With a similar piece by Robert Tombs, which I looked at as well, alongside Pete I have no difficulty seeing the authors relying on the "same handful of lies and sleight of hand techniques that chiefly rely on the ignorance of Spectator readers".

But, when one takes in my Brexiteer and his horses, there is quite evidently room for another interpretation of what is going on. Difficult though it is to appreciate, we could be dealing with the genuinely ignorant – people who simply don't know what they are talking about, even though they think they do.

We saw this in particular with Shanker Singham where, in his first appearance in front of the Treasury Committee, he made so many unforced "rookie errors" that my fellow witness, Hosuk Lee-Makiyama, observed that had he been employed even as an intern, his services would no longer be required.

When we see a more confident Singham currently spouting his brand of nonsense in public, this is perhaps not the glacial control of a practised liar, intent on deception. Rather, we have a man with serious but well-concealed learning difficulties, who is so thick that he doesn't even begin to understand how wrong he is. This is the innocence of the baby, as expressed by the fool, who simply doesn't have the wit to tell a conscious lie.

And if this sounds extreme, how otherwise does one explain the man's stance on mobile inspection teams? On reading an EU law provision which permits "mobile official control team", to provide staff for dispersed BCPs performing controls on consignments of "unprocessed logs and sawn and chipped wood", he interprets this as a block exemption allowing vets to do "beyond the border inspections" without resort to BCPs.

The obvious conclusions one must allow is that he is either telling an outrageous, demonstrable lie, or suffers serious comprehension/learning difficulties.

Much the same might be said of Brexiteers who continue to trot out the GATT Article XXIV canard, given the detailed rebuttal once again, this time in Prospect Magazine, which has WTO Director General Roberto Azevêdo tell us that: "If there is no agreement, then Article XXIV would not apply, and the standard WTO terms would".

Since its first emergence, however, the argument has morphed into a conviction that the EU will come to an agreement because it no more wants tariffs on goods than does the UK.

As the heart of this lies an unshakable belief expressed by many Brexiteers that they can rely on the "they need us more than we need them" dynamic. Whatever logic or [lack of] experience might tell them, they are convinced that, at the very last minute, the EU will roll over and offer us a workable deal, without the backstop, simply because the EU needs us so much.

Their view is that they need to do nothing but hold the line. It just then needs the EU to be "pragmatic" and allow UK goods into their system without any of the controls applied to goods from third countries.

This again is influenced by an extraordinary level of ignorance. Not for a moment is there any recognition that any concessions made to the UK will also have to be made to the EU's other trading partners, potentially prejudicing the integrity of the Single Market. Never mind that it confers benefits on the UK which are not afforded to fully paid-up Member States – which the EU has said it will never do.

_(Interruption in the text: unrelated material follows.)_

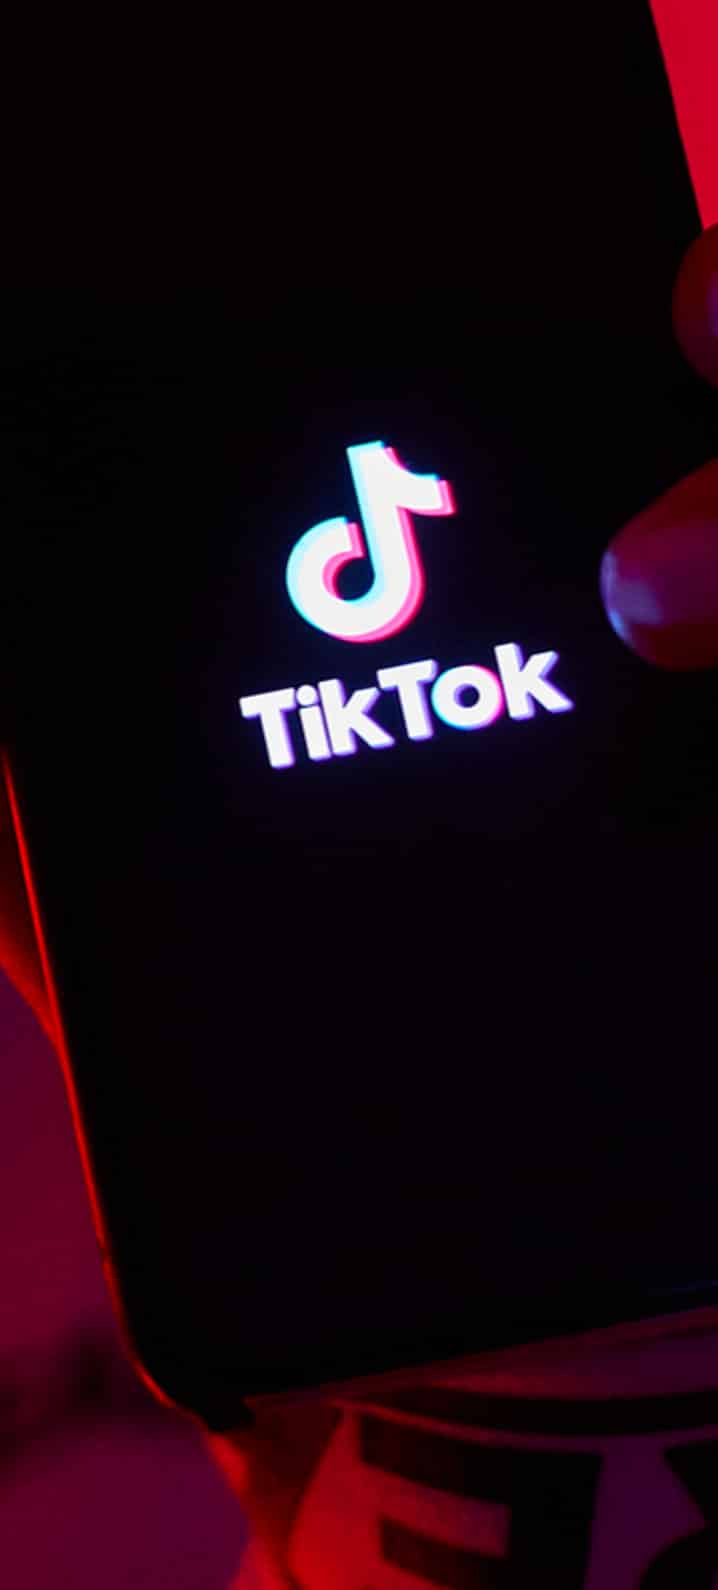 TikTok logo on a phone screen

What we also get from the extreme Brexiteers is a complete lack of self-awareness. According to their narrative, the other side is producing unmitigated lies but they are offering nothing but the unvarnished truth.

They believe the "Europhile civil service" is blocking their message in Brussels and, if the likes of Barnier were presented with their solutions (the AAC), which were properly explained to them, then they would be welcomed with open arms. That their case is built on falsehoods, ignorance and possibly lies – where a difference can be determined – would never occur to them.

Thus, while everyone else is plagued with uncertainties, as we plunge into the unknown, no such doubts afflict the Brexiteers. They have that one, unbreakable certainty, that they are right in everything they think and do.